Logfiles Made Interesting with glTail
Fudgie writes "My boss claimed it was pretty much impossible to create an entertaining way to visualize server traffic and events in a short time frame, so of course I had to prove him wrong. A weekend of neglecting my family produced a small ruby program which connects to your servers via SSH, grabs and parses data from Apaches access log and Ruby on Rails production log, and displays your traffic and statistics in real-time using a simple OpenGL interface (tested under Linux and Mac OS/X). It's a bit hard to explain over text, so please have a look at fudgie.org for an example movie, and more information."
...I'm afraid that's the nearest I've seen to a simulated pissing contest ever! B^>
Rgds
Damon
http://m.earth.org.uk/
...we just made his log screen look like a bukkake flick.
And it looks like lots of things taking a wee. Once the site is slashdotted, it'll be a veritable golden shower...
Nice work though.
Task Mangler
tell the engineer it can't be done
The most entertaining way I ever saw to view logs was Visitorville-its kind of like SimCity meets web logging.

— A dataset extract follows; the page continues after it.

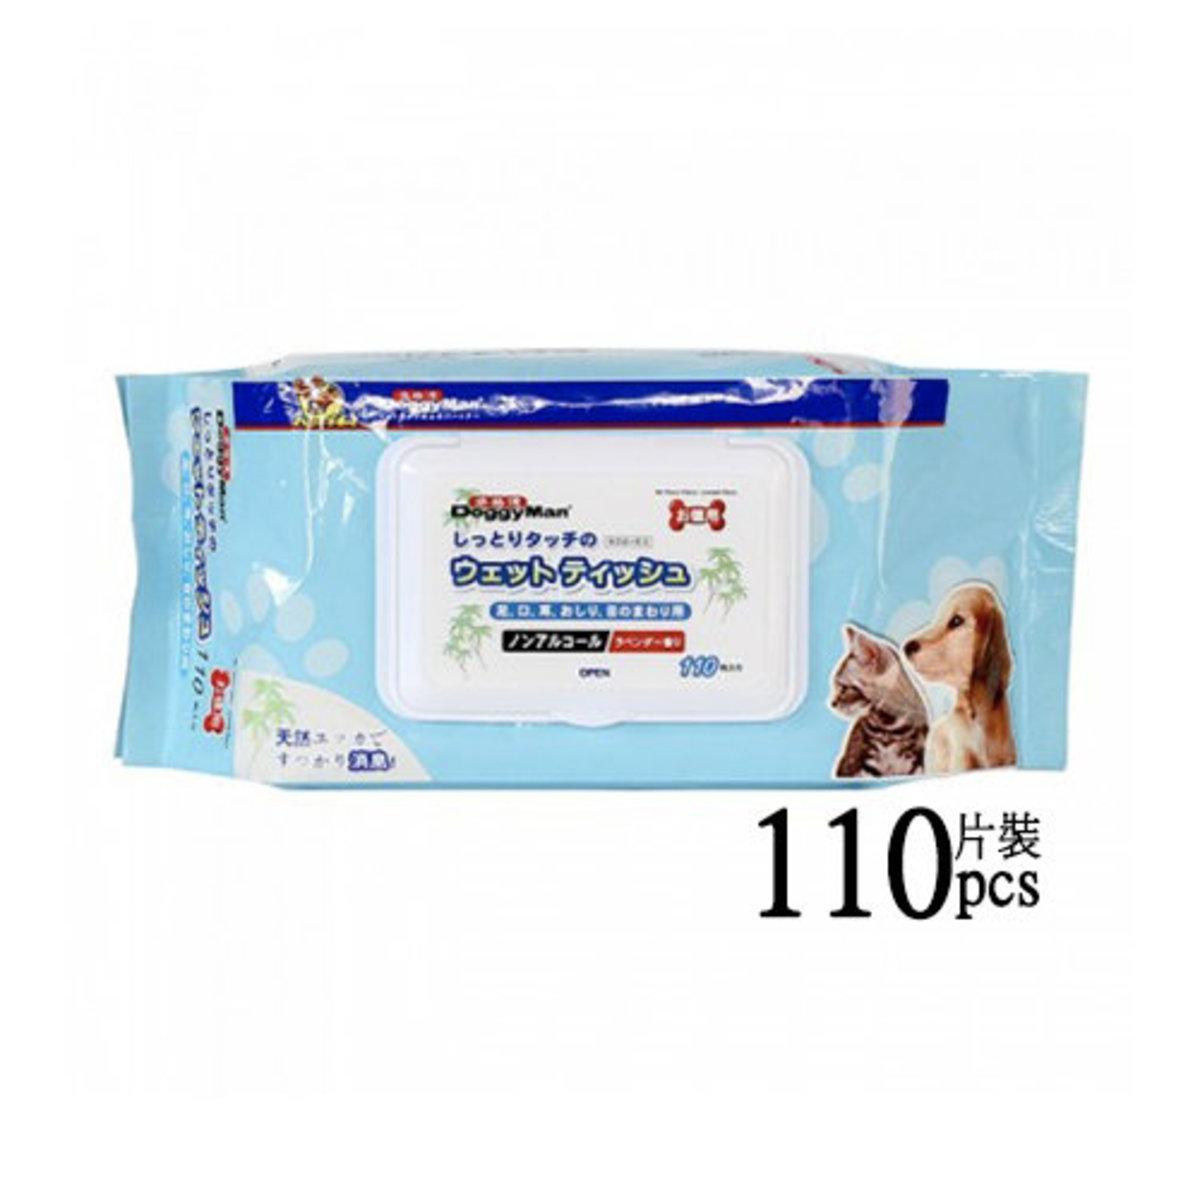 Wet Tissue / Wipes  for Pets (Lavender) 110pcs #45832 Y

It's pretty obvious that fudgie.org is just the name of the site and glTail is the name of the program.
Anything put into a logfile could be parsed and shown. I've tried with emails, shoutcast listeners and server logins, but they're not as interesting to show in the movie as I don't have the kind of traffic to make it useful.
Obligatory jokes about 'taking the piss' aside, that is brilliant. It's the ultimate 'machine that does ping' (to name an old sketch) to keep management amused, but also provides real data. I bet that screen will go ballistic when you get Slashdotted (also a good way to visualise DDoS, maybe?).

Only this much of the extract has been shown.